The utmost we could do was to save some pictures and a few other valuables, amongst which were Imperial ornaments, velvet mantles lined with ermine, besides many other precious things which we afterwards had to leave behind. About half an hour after the fire broke out, a furious wind got up, and in less than ten minutes we were hemmed in by the fire, and could neither advance nor retreat. Several men were hurt by falling pieces of burning timber. It was two o'clock in the morning before we could get out of this hell, and we then found that the fire had spread for more than half a league all round—for the whole of this quarter was built of wood, and was very beautiful.
We set out again to return towards the Kremlin, taking with us our prisoners, thirty-two in number. I was put in command of the rear-guard, and the escort of the prisoners, with orders to bayonet those who tried to run away or refused to follow.
Two-thirds of these wretches were convicts, with sinister faces; the others were middle-class citizens and Russian police, recognised by their uniform.
As we went along, I noticed amongst the prisoners one who was muffled up in a fairly clean green cloak, crying like a child, and saying repeatedly in good French:
'Mon Dieu! I have lost my wife and my son in the fire!'
He seemed very unhappy, so I asked him who he was.

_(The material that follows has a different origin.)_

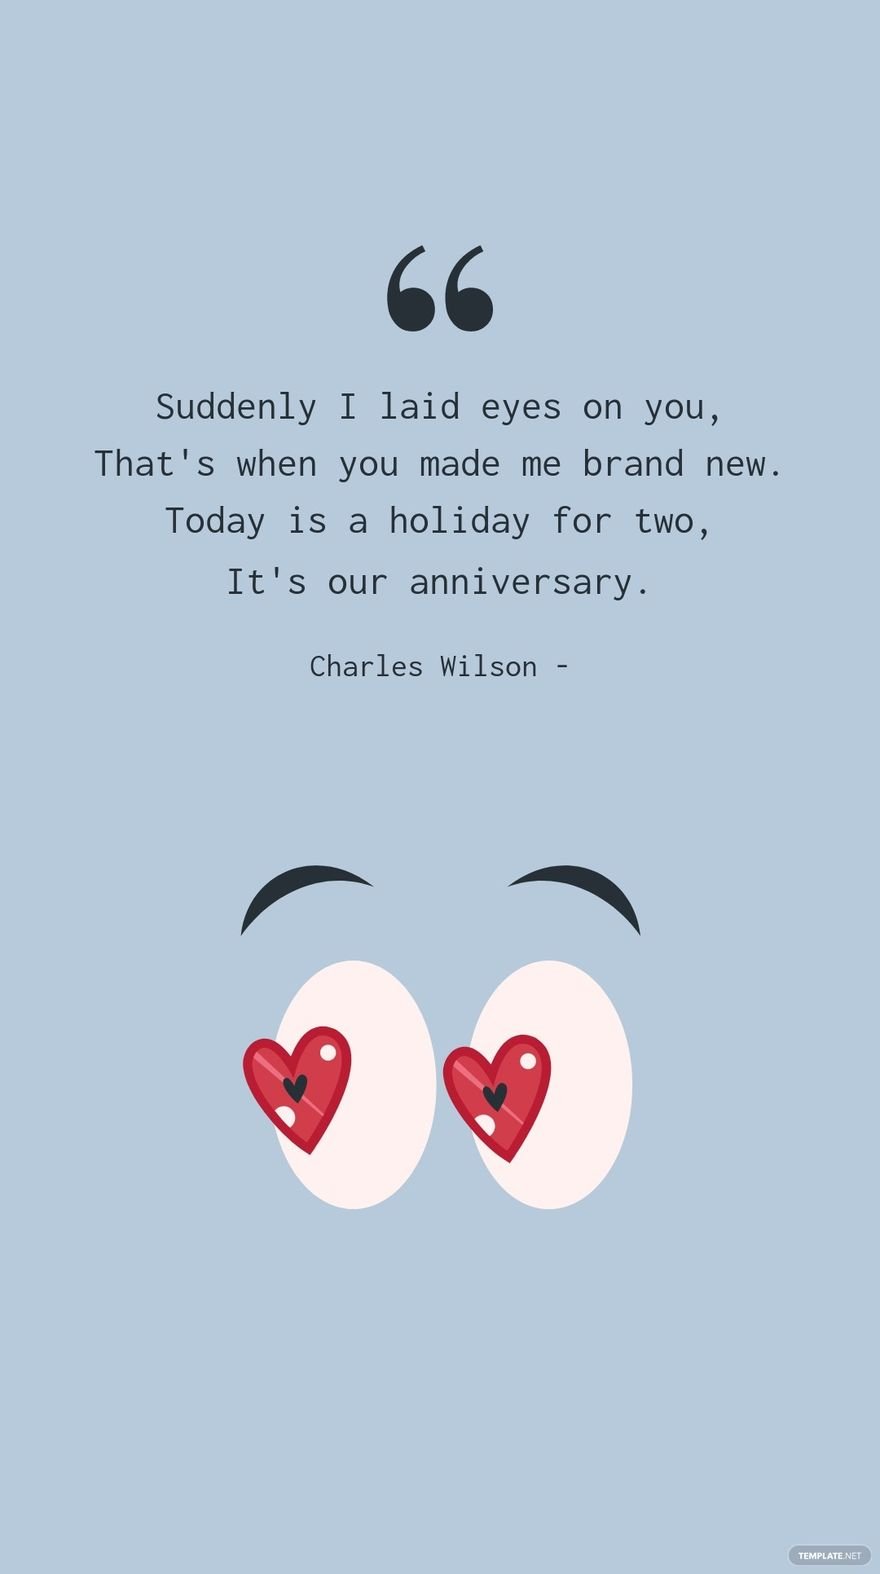 Charles Wilson - Suddenly I laid eyes on you, That's when you made me brand new. Today is a holiday for two, It's our anniversary.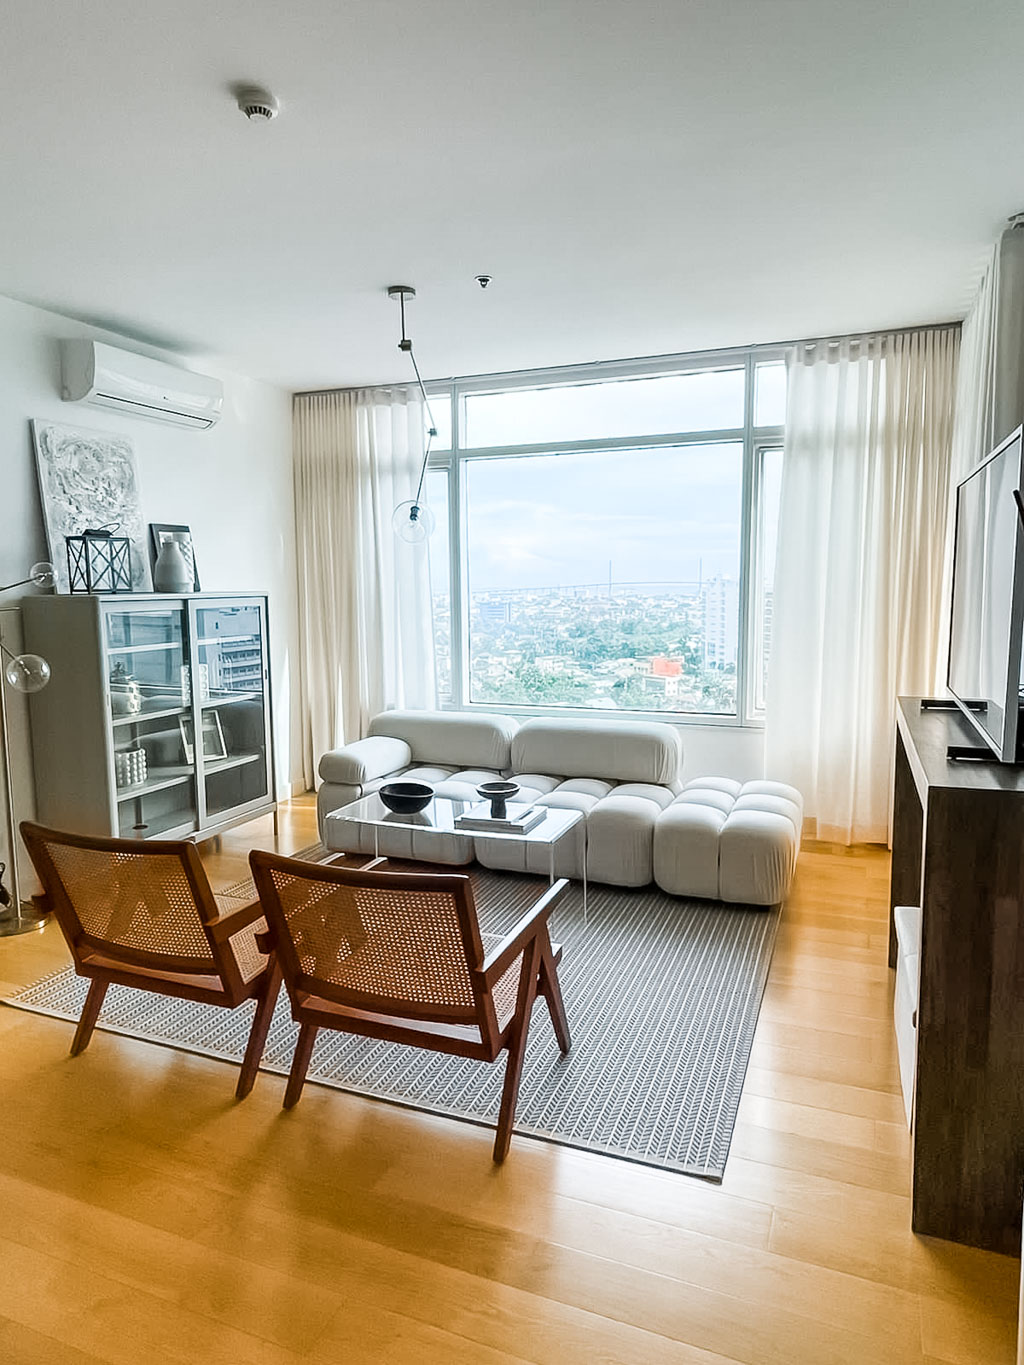 RCTS21 Furnished 2 Bedroom Condo for Rent in 1016 Residences - 1

He told me that he was Swiss, and came from near Zurich, and that for seventeen years he had been at Moscow teaching German and French. He then began again to cry out in despair, always repeating:
'My dear son! my poor son!'
I was very sorry for the poor fellow. I tried to comfort him, telling him that very likely he would find them; and, as I knew that he would be condemned to die with the others, I determined to save him. Two men walked near him arm-in-arm, one young, and the other middle-aged. I asked the Swiss who they were; he told me they were tailors, a father and son.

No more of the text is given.